Meet the man building an AI that mimics our neocortex – and could kill off neural networksREAD MORE
Dileep George, a researcher and cofounder of Vicarious, told The Register there is evidence the visual cortex is a hierarchical system. There is one set of neurons in the system detecting object edges, and another for inspecting the surface and texture. Both work together to build up the brain's internal understanding of individual objects so they can be recognized.
The RCN works in similar manner. There are subnetworks made up of nodes that collect “child features” that identify the edges of characters; these are basic representations of particular letters. On top of that is another layer of nodes grouped together to identify “parent features,” where the information from the “child features” is used to build a higher representation and the overall shape of each letter.
Another subnetwork is used to recognize the different styles of fonts used in the CAPTCHA challenges. The system is trained on all 26 letters of the modern English alphabet in various typefaces.
An example of training data for the letter a. Image credit: D.George et al.
As more examples of characters are given to the RCN to learn, it builds up a "dictionary" of different styles of As, Bs, Cs, and so on.

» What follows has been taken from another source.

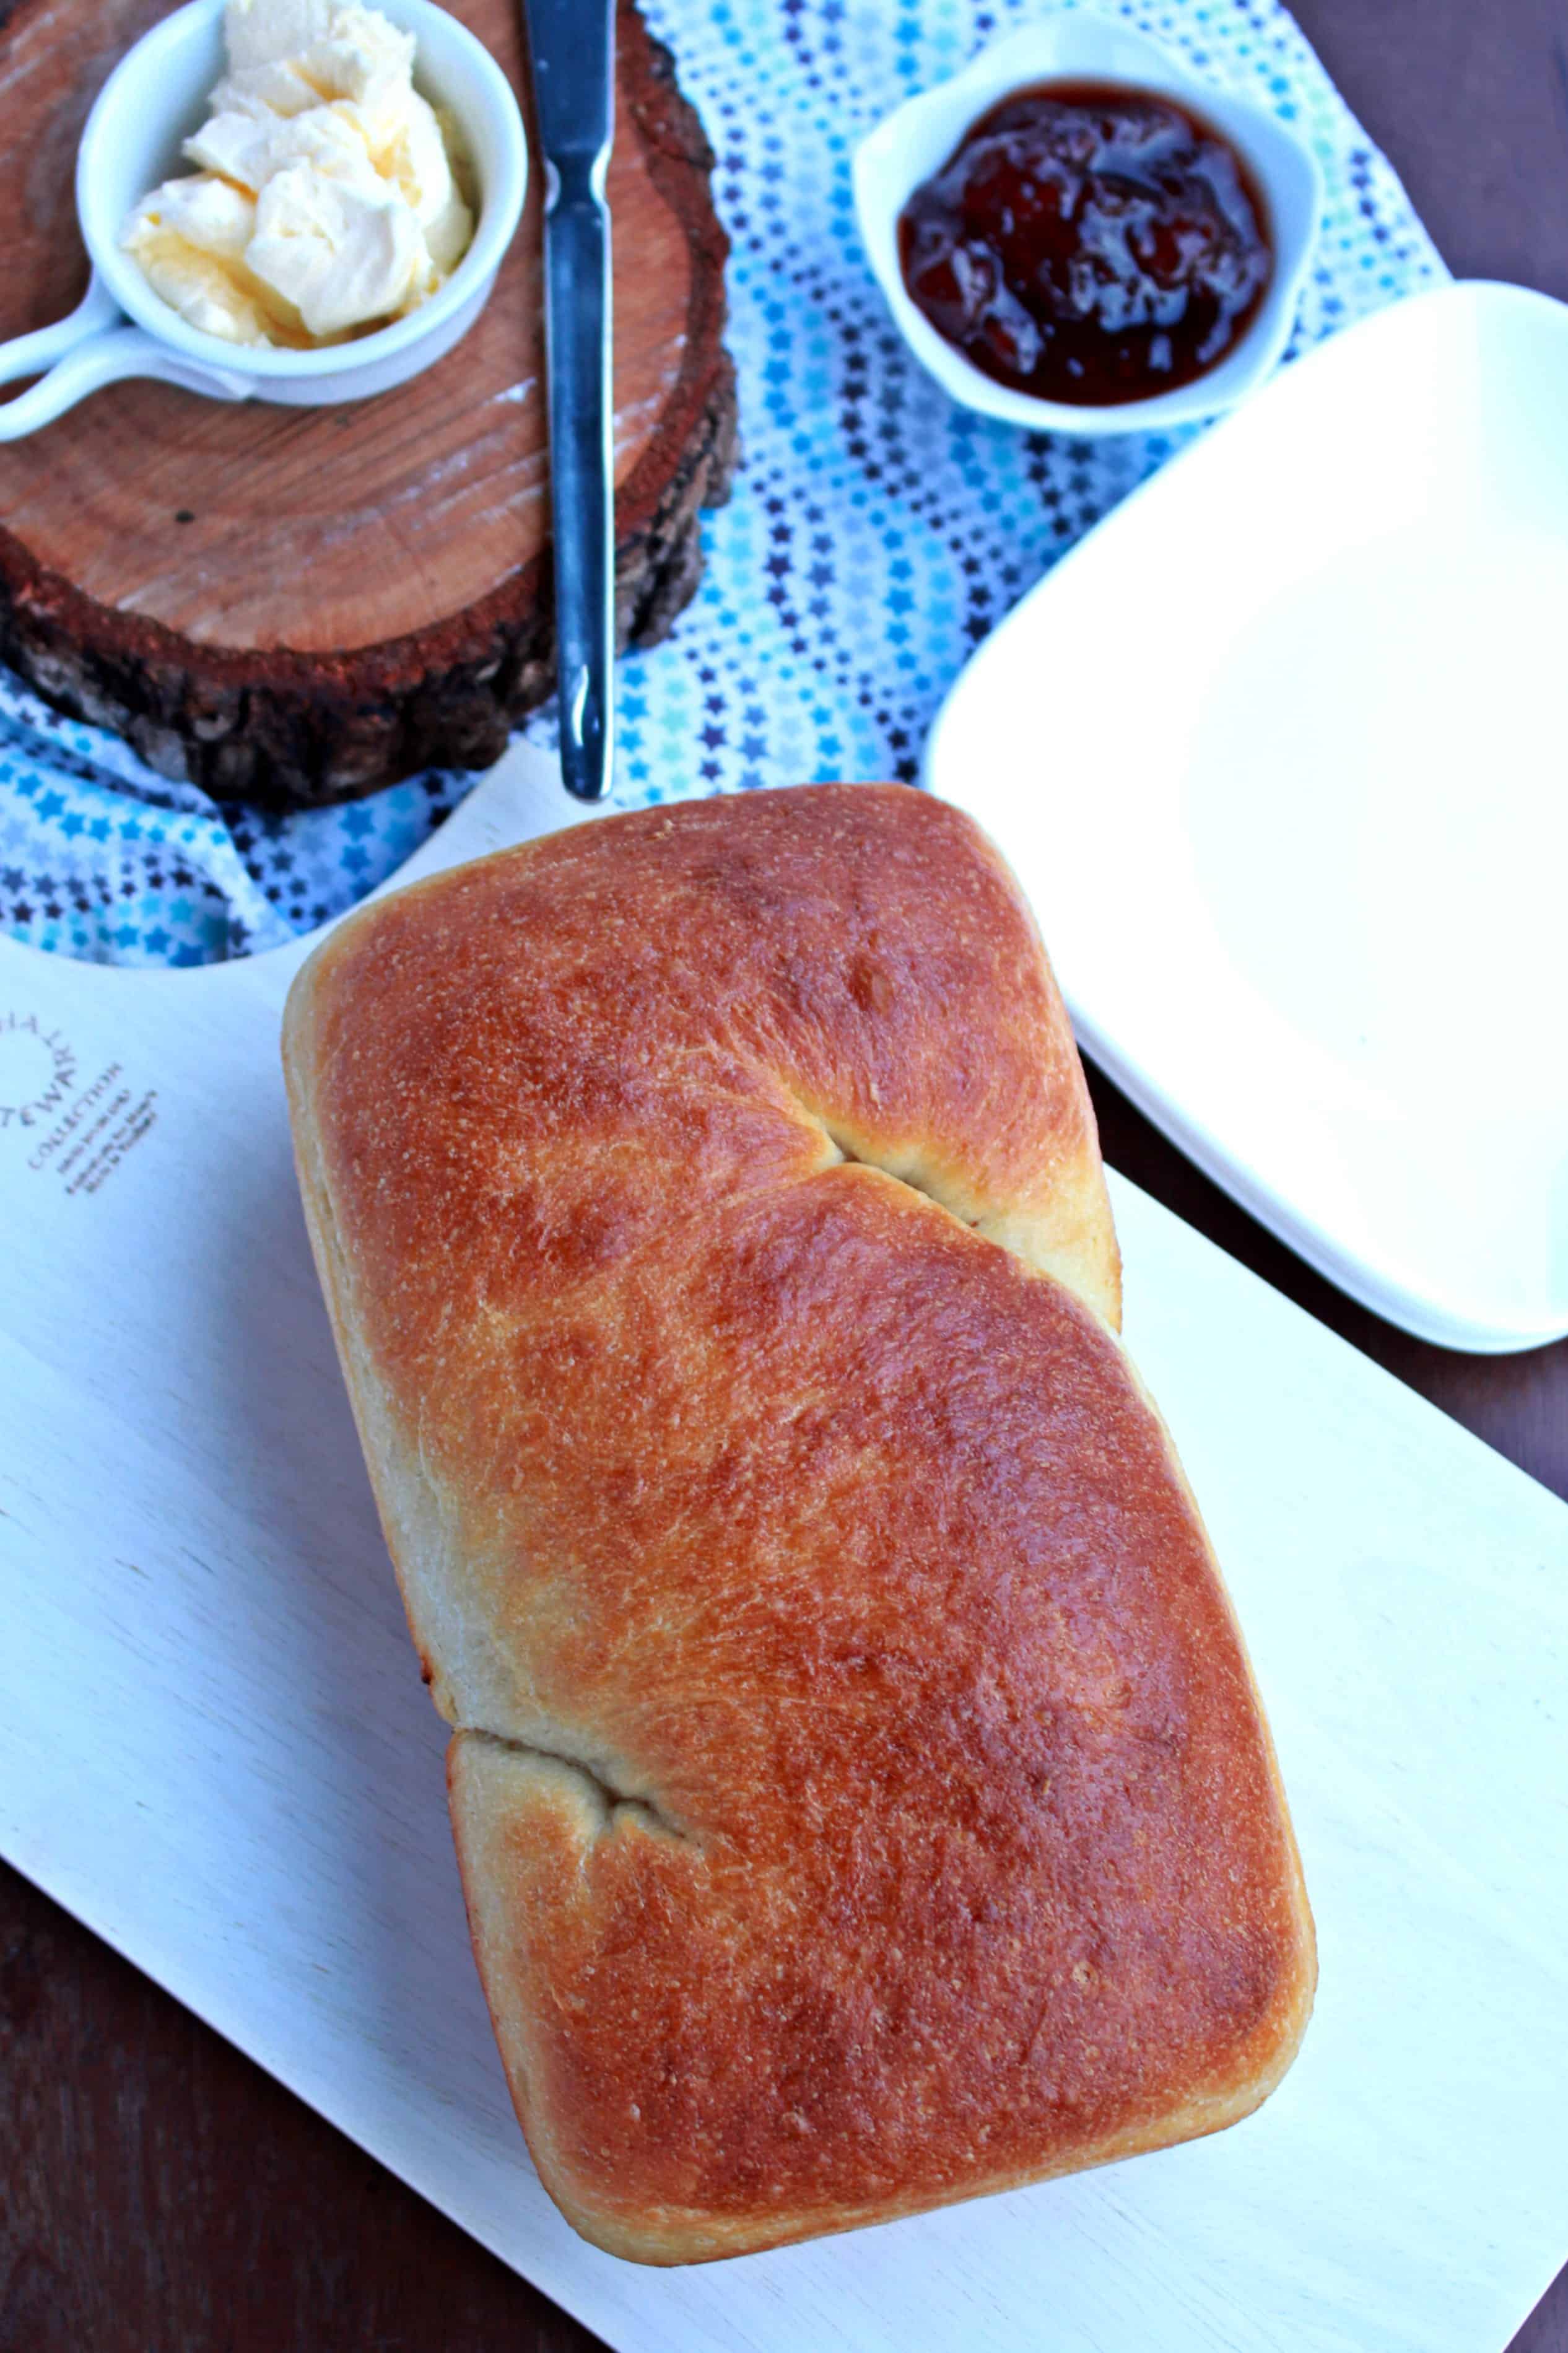 Victorian Milk Bread with butter and spread

When faced with previously unseen CAPTCHA letters, it uses its memory bank of knowledge to trace the features common to each letter in the alphabet, identify the characters, and solve the challenge automatically.

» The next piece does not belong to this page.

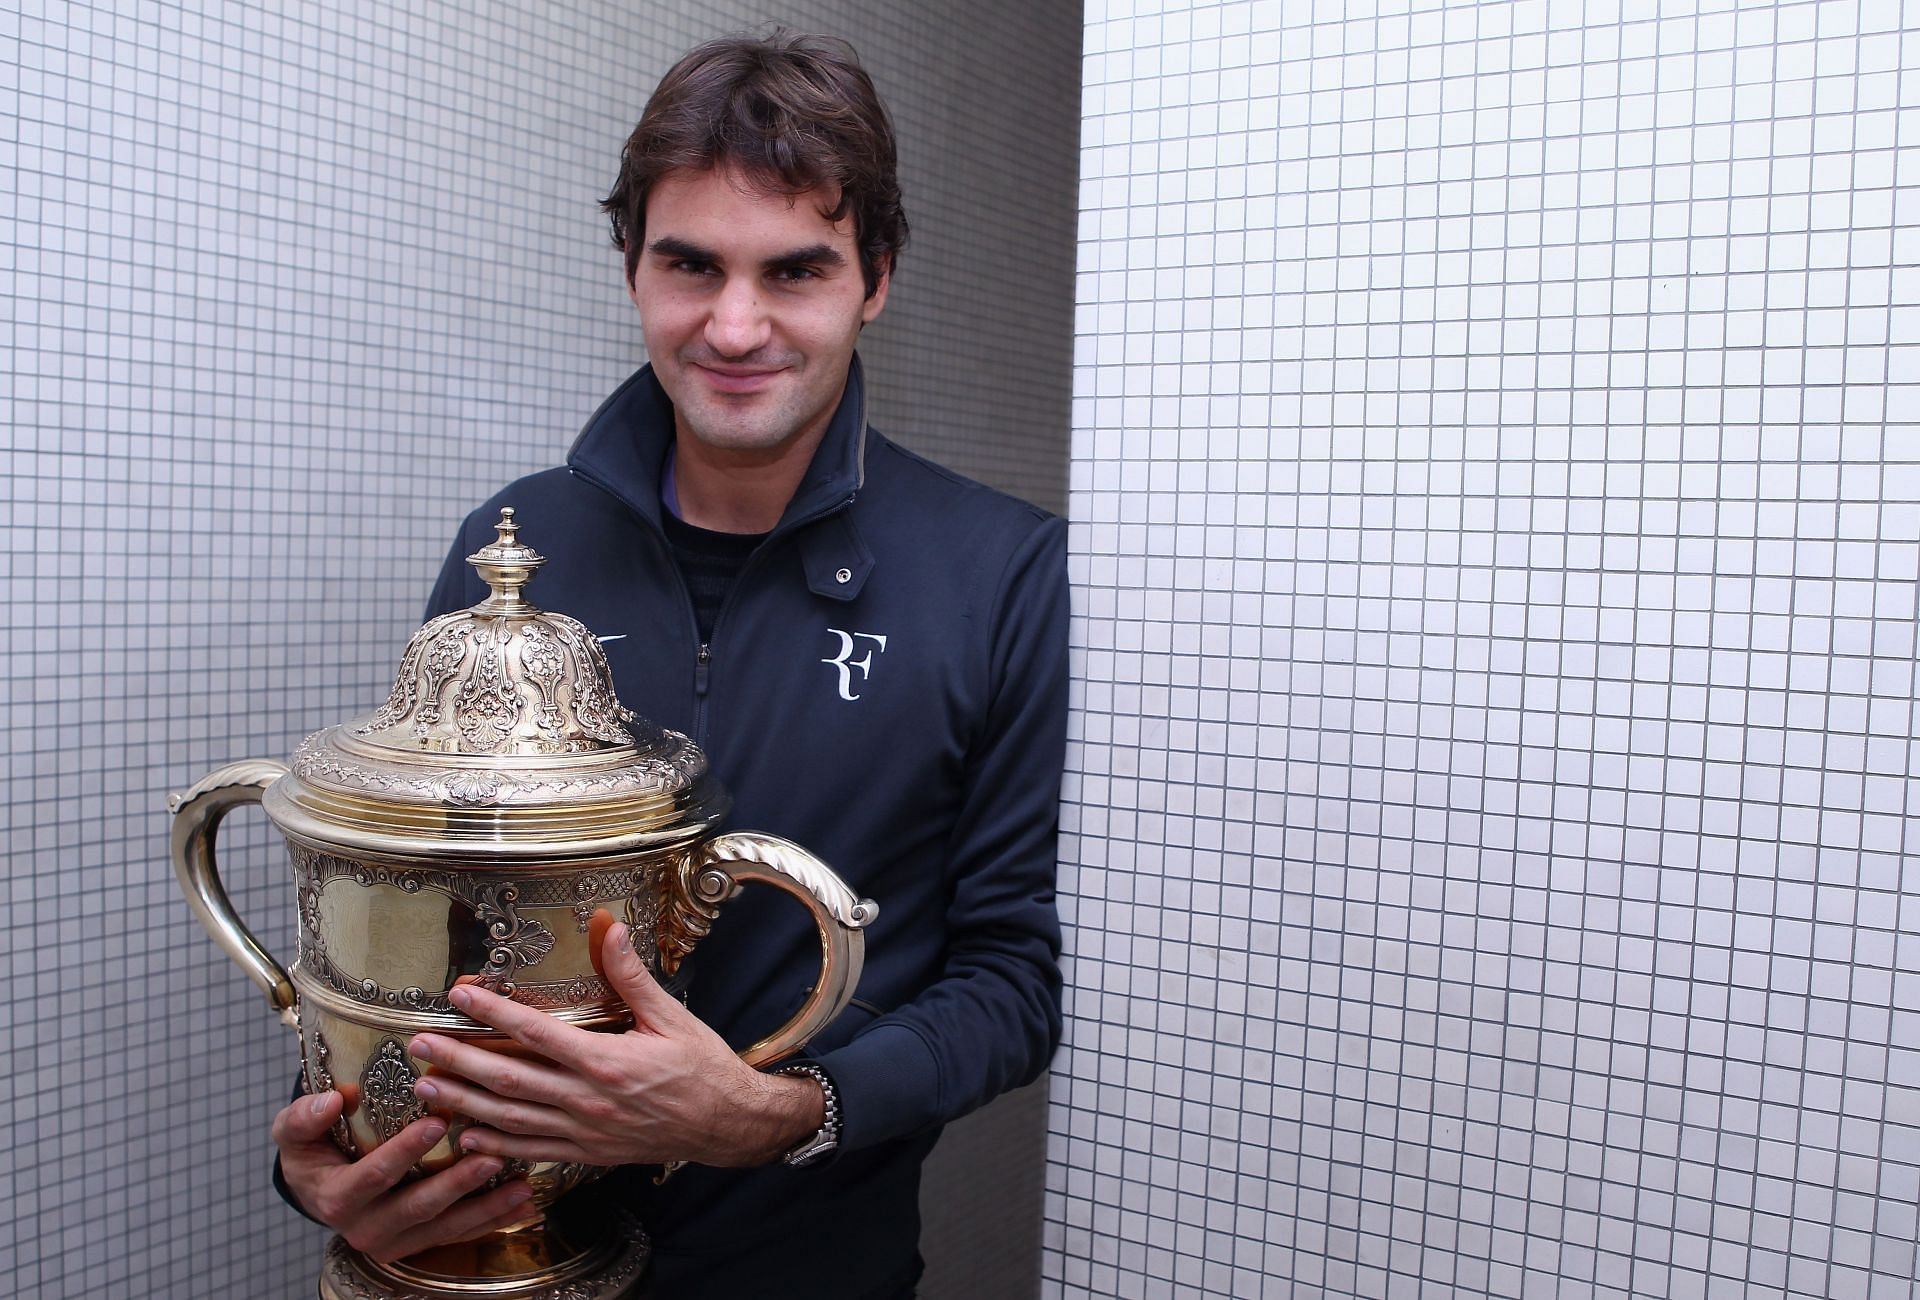 Roger Federer is a 10-time winner at the Swiss Indoors, and the three-time defending champion

A good dictionary is versatile and includes variations, such as rotations and upper and lower case letters.
Shock, horror! It's not deep learning
Unlike the bulk of today's AI research, the RCN is a probabilistic generative model, and not a trendy deep-learning neural network.
A rival convolutional neural network (CNN) trained by Google on 2.3 million CAPTCHA images achieved an accuracy rate of 89.9 per cent with reCAPTCHA – much higher than Vicarious’ results for reCAPTCHA at 66.6 per cent, BotDetect at 64.4 per cent, Yahoo at 57.4 per cent and PayPal at 57.1 per cent.
Neural networks in image-recognition systems, such as the aforementioned CNN, are essentially expert pattern matchers. Feed them enough training data and they’ll be able to recognize the same structures they’ve seen before. However, if the image is slightly off, for example if the CAPTCHA challenges have more or fewer letters than the ones in the training data, or the spacing between the characters is changed, the accuracy drops significantly.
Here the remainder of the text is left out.